Recorded data ::
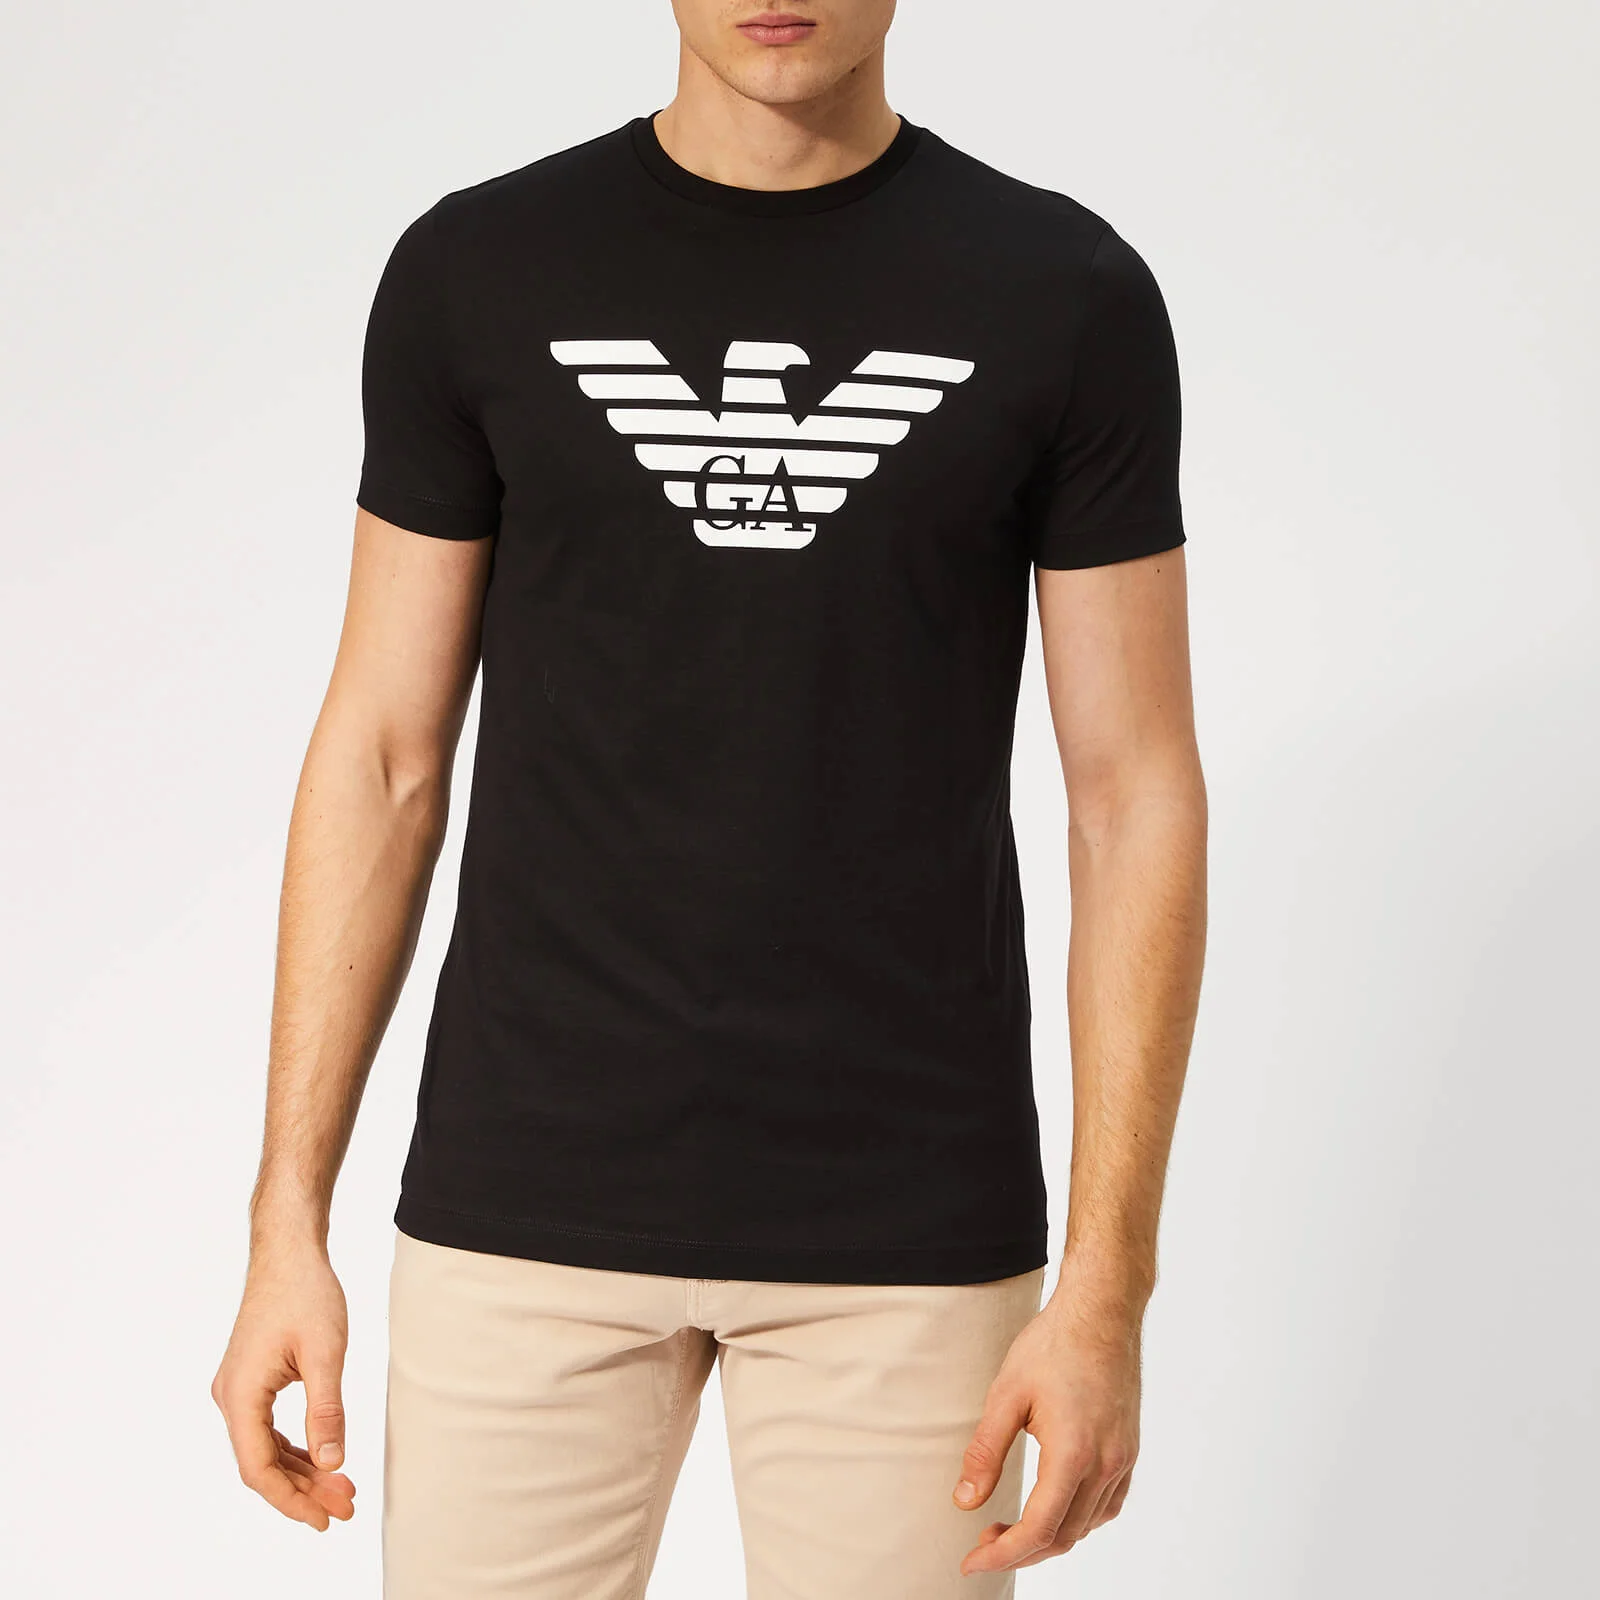 Emporio Armani Men's Large GA Eagle Logo T-Shirt - Nero Image 1
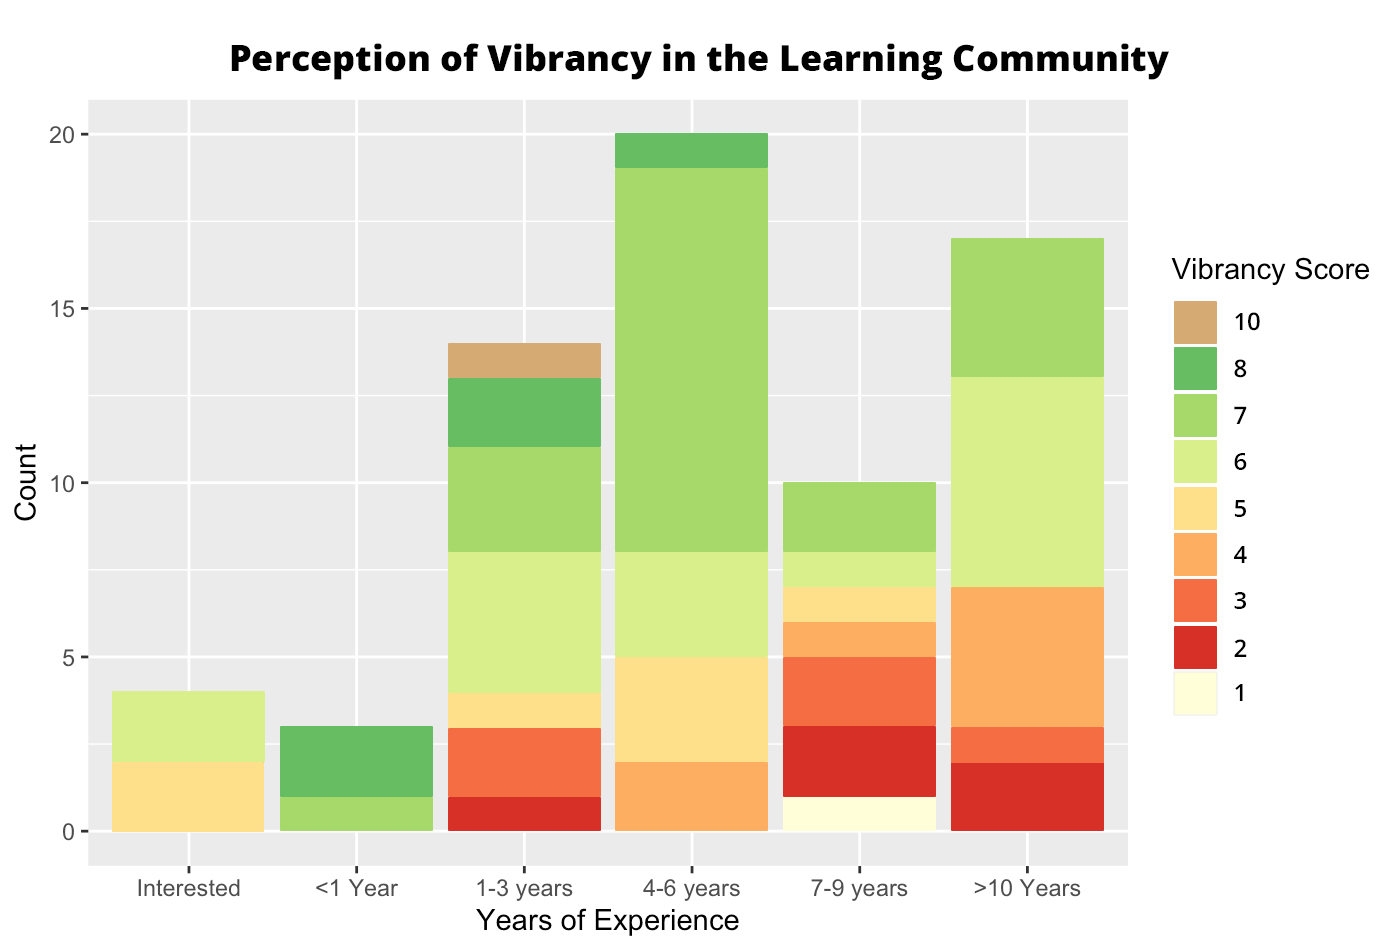 Perception of Vibrancy in Community
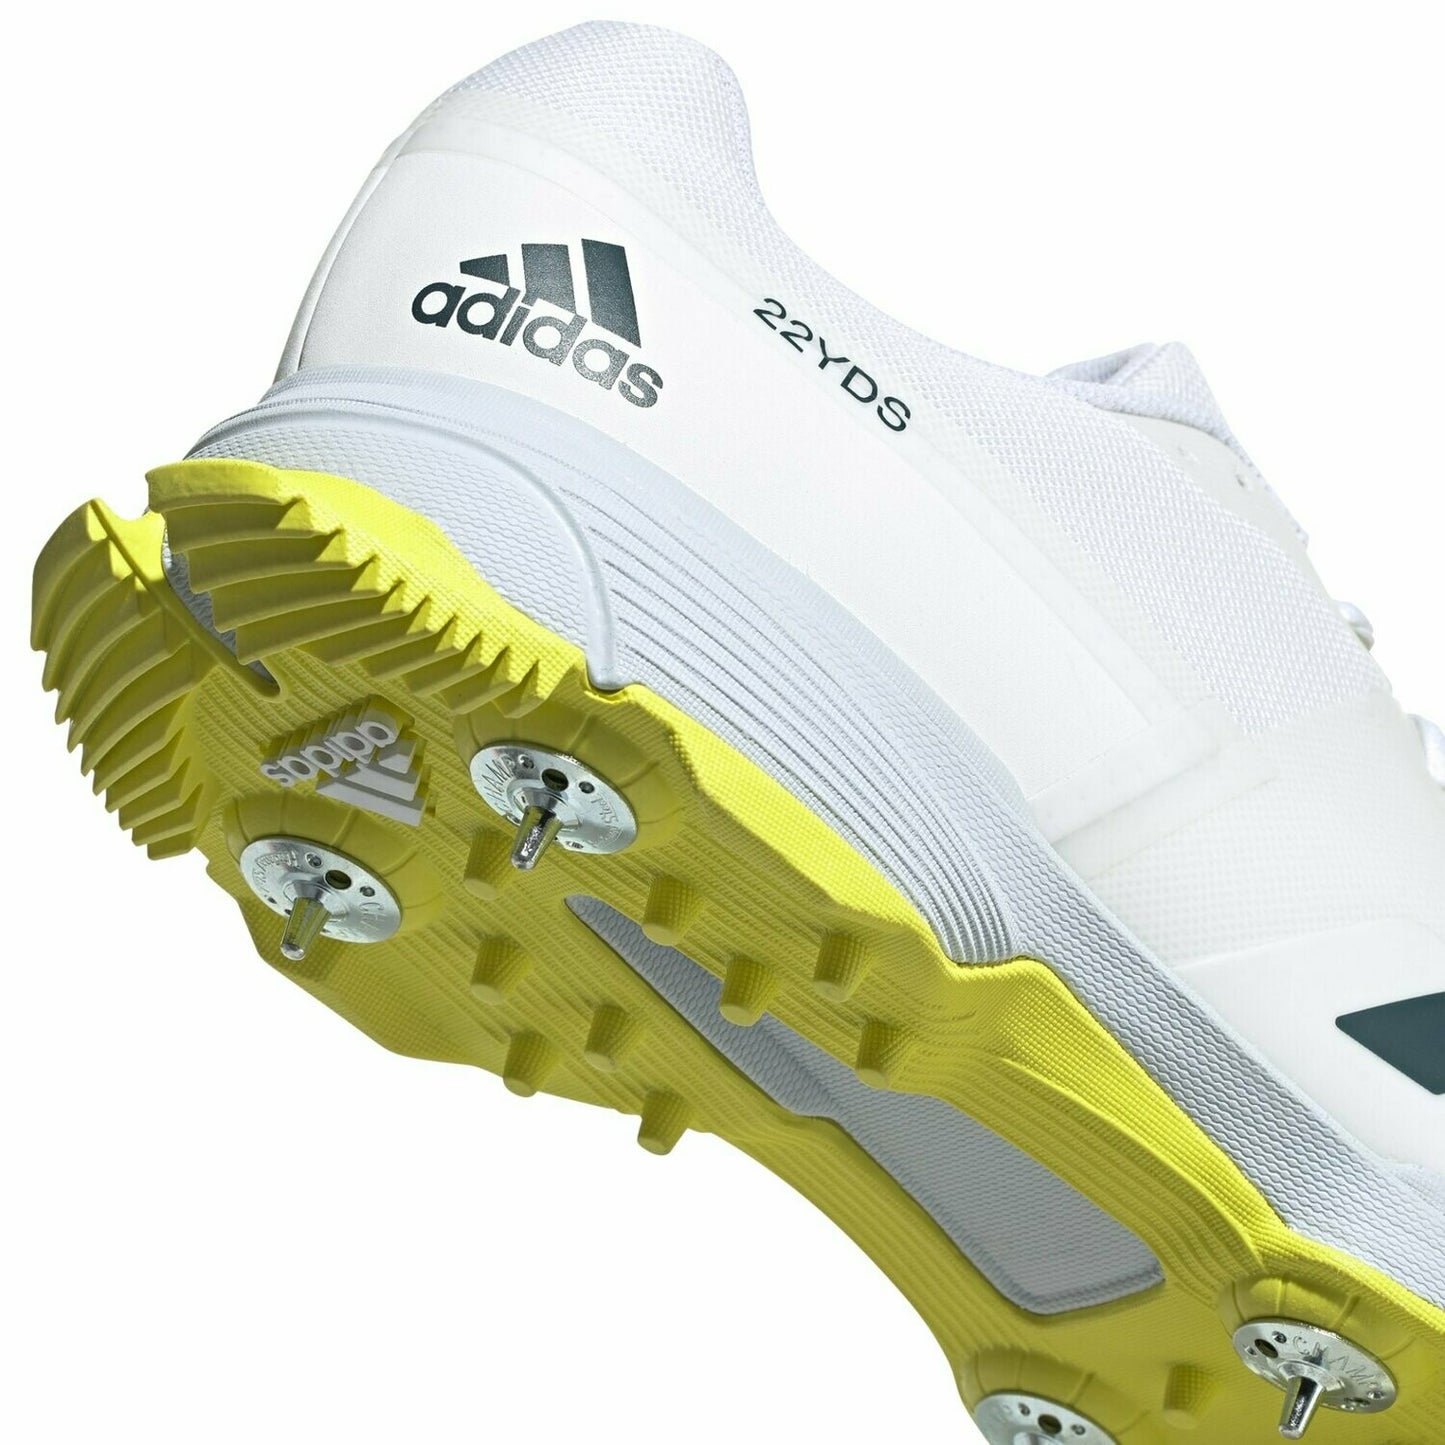 Adidas 22yds Cricket Spike White/Acid Yellow

Work required ::
Copy the material exactly. Do not include the pictures.

Task response ::
 Emporio Armani Men's Large GA Eagle Logo T-Shirt - Nero Image 1
 Perception of Vibrancy in Community
 Adidas 22yds Cricket Spike White/Acid Yellow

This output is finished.